The removal and replacement of MTBE is not the only challenge facing US refiners in 2004.  Under a set of proposals known as Tier II, they are obliged to reduce the sulphur content of their gasoline from the start of this year as well.  Tier II requires refiners to limit sulphur to 120 parts per million (ppm) compared with last year’s ceiling of 500 ppm.  The same standard will apply to gasoline imports.  A few, mainly small refiners will be allowed to produce gasoline up to a limit of 300 ppm, but the overwhelming majority of US gasoline will have to meet the lower limit.

       Not all foreign suppliers will be able to meet the new sulphur specs without changes to their crude slates.  Some Latin American and European refiners may have to switch to crudes that are lower in sulphur, as may some US refiners as well.  This could mean a cut in demand for sour crudes from Canada, Mexico, Venezuela and the Persian Gulf and the corresponding rise in the premium paid for sweet crudes such as those from West Africa and the North Sea.  The same considerations apply to refinery feedstocks such as vacuum gasoil (VGO), which are cracked to produce gasoline.  Late last year, as refiners switched to making low sulphur gasoline the premium in the US Gulf for low sulphur VGO widened from around 80 cents a barrel to nearly $3.00.

       Gasoline markets themselves are bound to become fragmented as US states adopt different specifications.  This can cause problems during temporary shortages of gasoline in some areas, owing to the difficulty of finding product of the right specification from neighbouring states where different rules apply.  Futures trading is also affected.  Nymex has been obliged to introduce a new contract based on the New York and Connecticut grades containing ethanol, after trading in its standard, non-ethanol contract declined sharply.  Two other futures contracts are due to be launched in response to the change in gasoline specifications.  The New York Board of Trade announced the introduction of an ethanol contract in May, while the Chicago Board of Trade said it would have one ready by the end of the year.

 


THE MONTH IN BRIEF

This section summarizes downstream developments of the previous month.  Exploration & Production are covered in ‘Upstream Review’.

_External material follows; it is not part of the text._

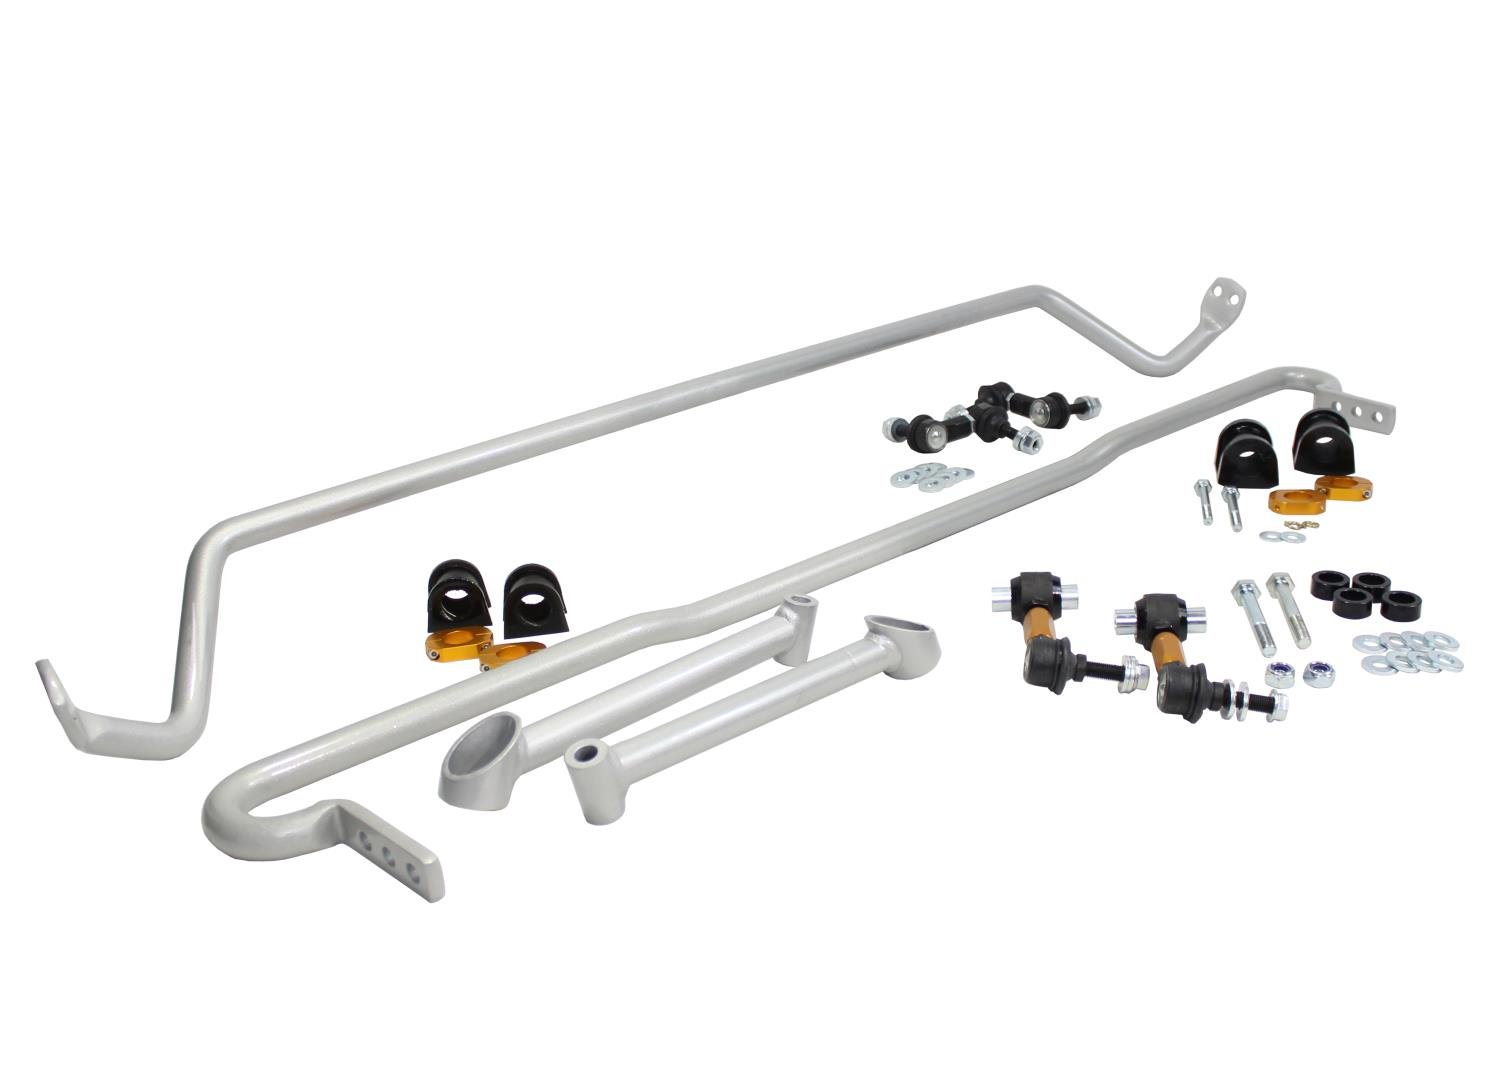 BSK012 Front And Rear Sway Bar Kit for 2008-2014 Subaru WRX, 11-14 WRX

Chaos in Iraq, a curious Saudi offer and Shell still in trouble


The USA suffered its highest monthly total of casualties in Iraq during April as the security situation began to spiral out of control.  Middle Eastern worries and high US gasoline demand pushed oil prices to their highest level since shortly after Iraq’s invasion of Kuwait in August 1990, as WTI hit $40.  Insurgents targeted several oil installations in Iraq including the Basrah Oil Terminal and the nearby offshore terminal at Khor al-Amaya.  Exports to Ceyhan in Turkey resumed following damage to the pipeline, only to be suspended in late April for what were described as “technical reasons”.  The Iraqi Governing Council, the US Congress and the United Nations began investigations into the alleged bribery and corruption surrounding payments made in connexion with the UN’s ‘oil-for-food’ deal under which Saddam Hussain’s government sold its oil between 1996 and 2003.

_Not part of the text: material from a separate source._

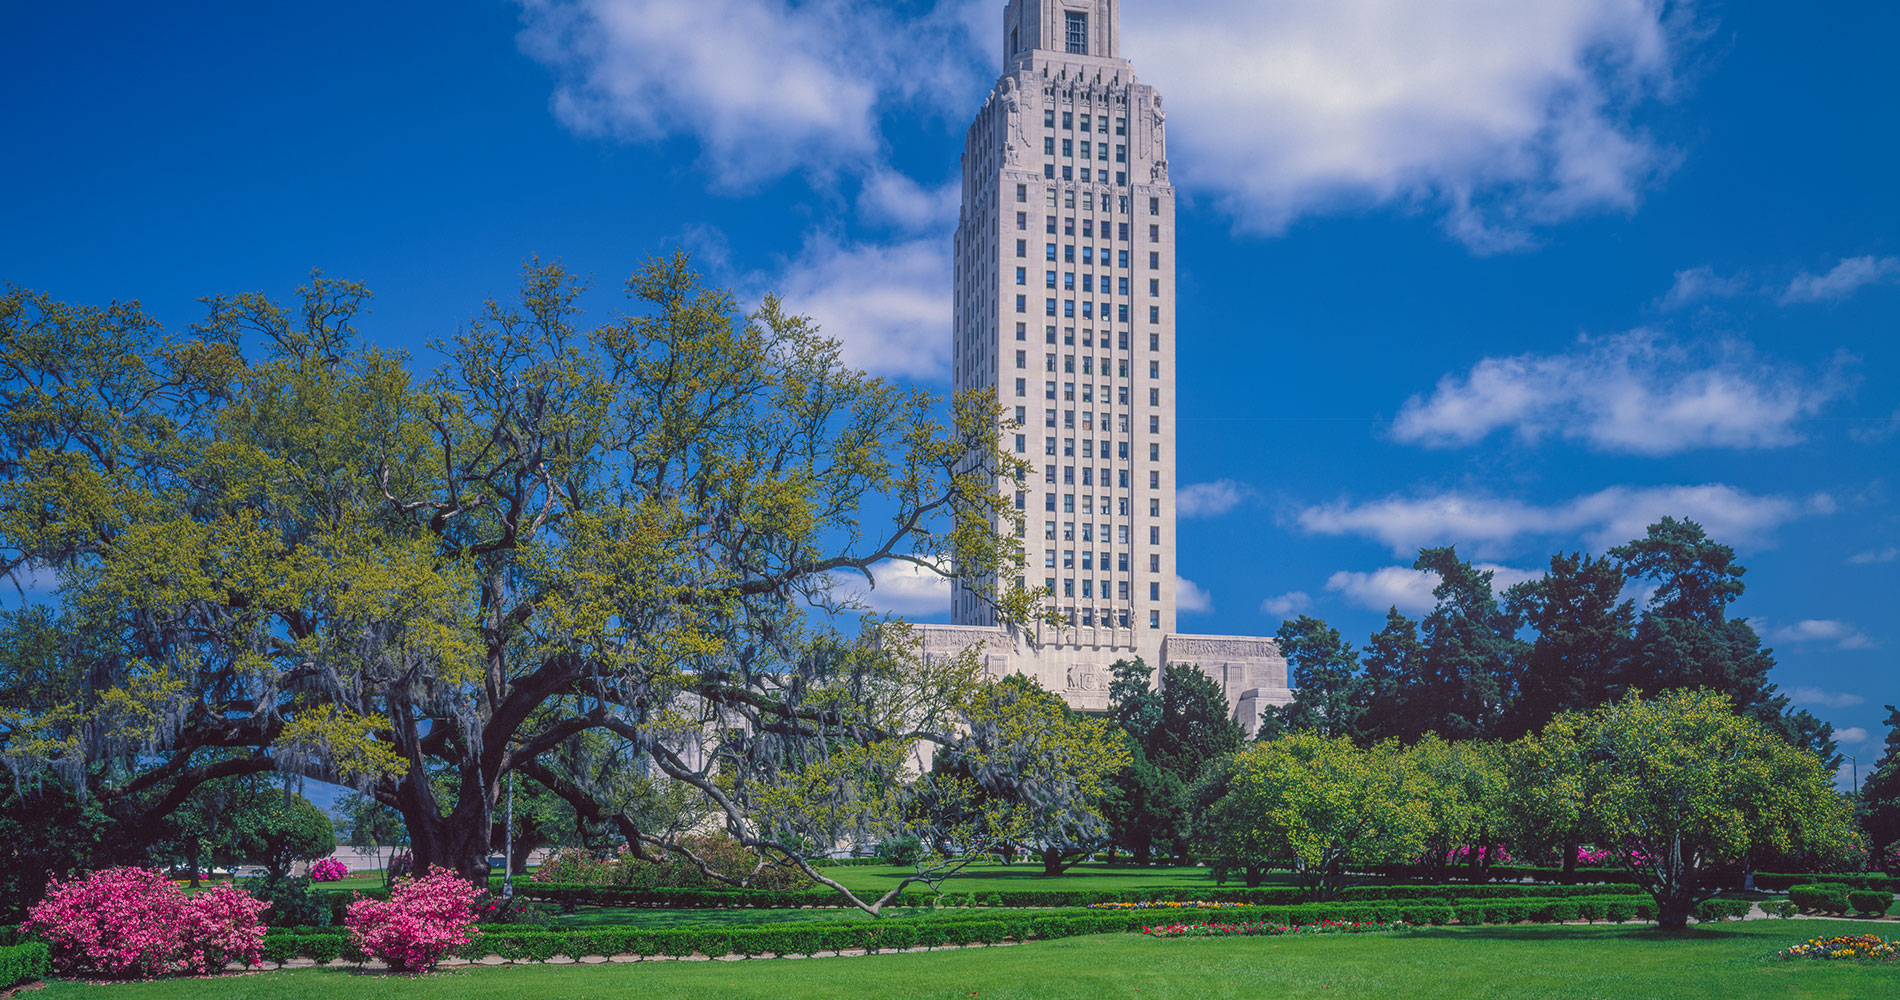 Flowers and trees, and the view of State Capitol from State Capitol Gardens

       Saudi Arabia made a curious offer to the USA to build two new refineries there.  Planning regulations make it virtually impossible for anyone to build a new US refinery.  The Saudis’ main aim was to divert criticism for high oil prices away from OPEC and towards the USA, where gasoline prices are soaring amid a shortage of refining capacity and increasing demand (see ‘Focus’).  Saudi Arabia meanwhile has agreed to raise crude oil deliveries to East Asia in an attempt to curb price increases there.  Saudi export volumes will nevertheless be below those contracted for by Asian buyers.  Terrorists killed six people in an attack on the Saudi Aramco-ExxonMobil refinery complex at Yanbu.

       Some members want OPEC to raise its oil price target above the present $22-28 range (see ‘Looking Ahead’).  Iraq is trying to reduce the volumes of its crude sold to traders, preferring to sell directly to refiners instead.  US refiners are showing interest in a blend of Basrah Light crude and Ecuador’s Napo being made available at storage facilities in Panama.  The new blend is said to produce a high quality asphalt.  Russia’s Yukos has agreed to more than double deliveries of crude oil by rail to China this year.  Volumes have been set at 180,000 bpd.  Sinochem is to buy the bankrupt 270,000 bpd Inchon refinery in South Korea.  The Chinese oil trader says it will process its own crude there for export to China.

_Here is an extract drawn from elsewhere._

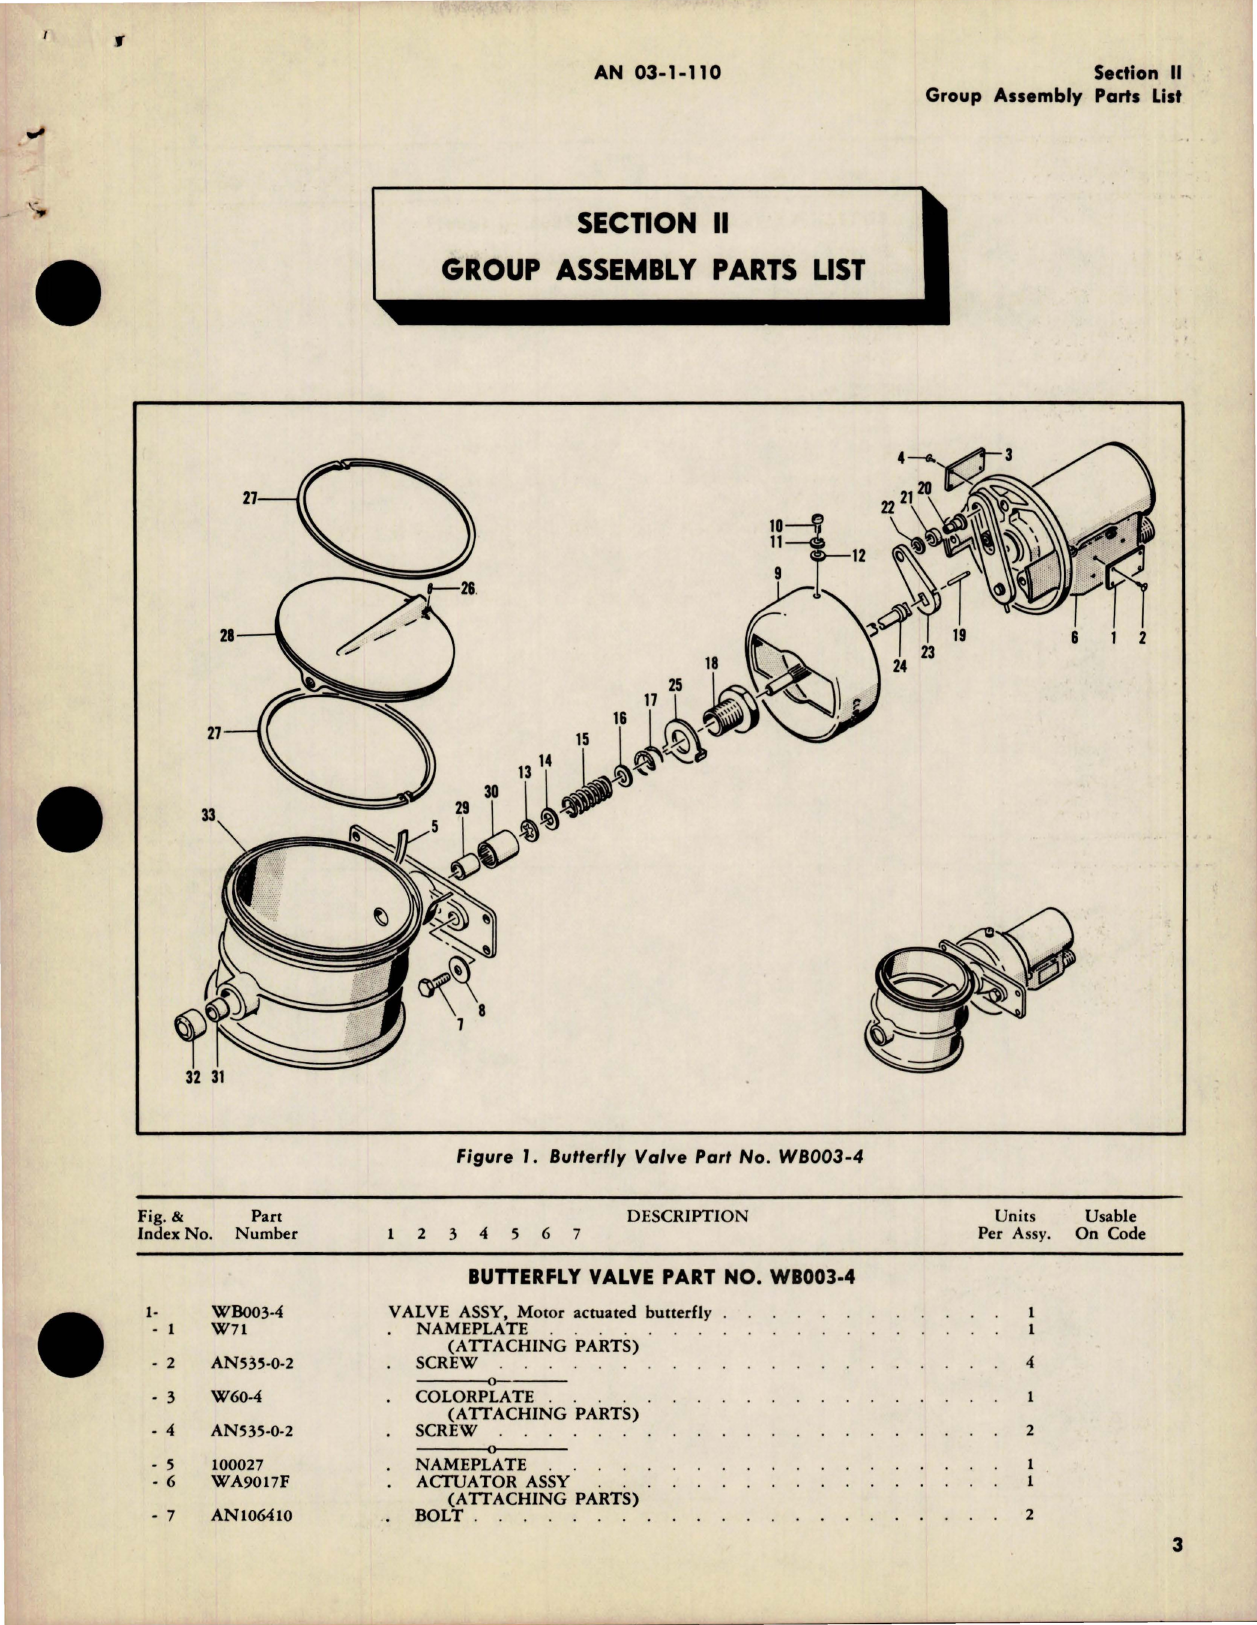 Sample page 7 from AirCorps Library document: Illustrated Parts Breakdown for Butterfly Valves

       Shell’s troubles have continued with the publication of an e-mail from its former head of exploration, Walter van de Vijver, saying he was “becoming sick and tired about lying about the extent of our reserves.”  The company has also announced it is to sell its retail network in Spain and Portugal.  Italy’s ENI is also to give up petroleum marketing, along with refining, in Portugal, as part of a deal enabling it to increase its role in the country’s gas business.  ENI is to take a 49% shareholding in the national utility, Gas de Portugal.  The Czech government has approved a $476 mn bid by Poland’s PKN Orlen for the 63% state-owned downstream company Unipetrol (see ‘Focus’, November 2003).  Another Polish firm, Lotos, is to take minority stakes in three Polish refineries owned by Nafta Polska.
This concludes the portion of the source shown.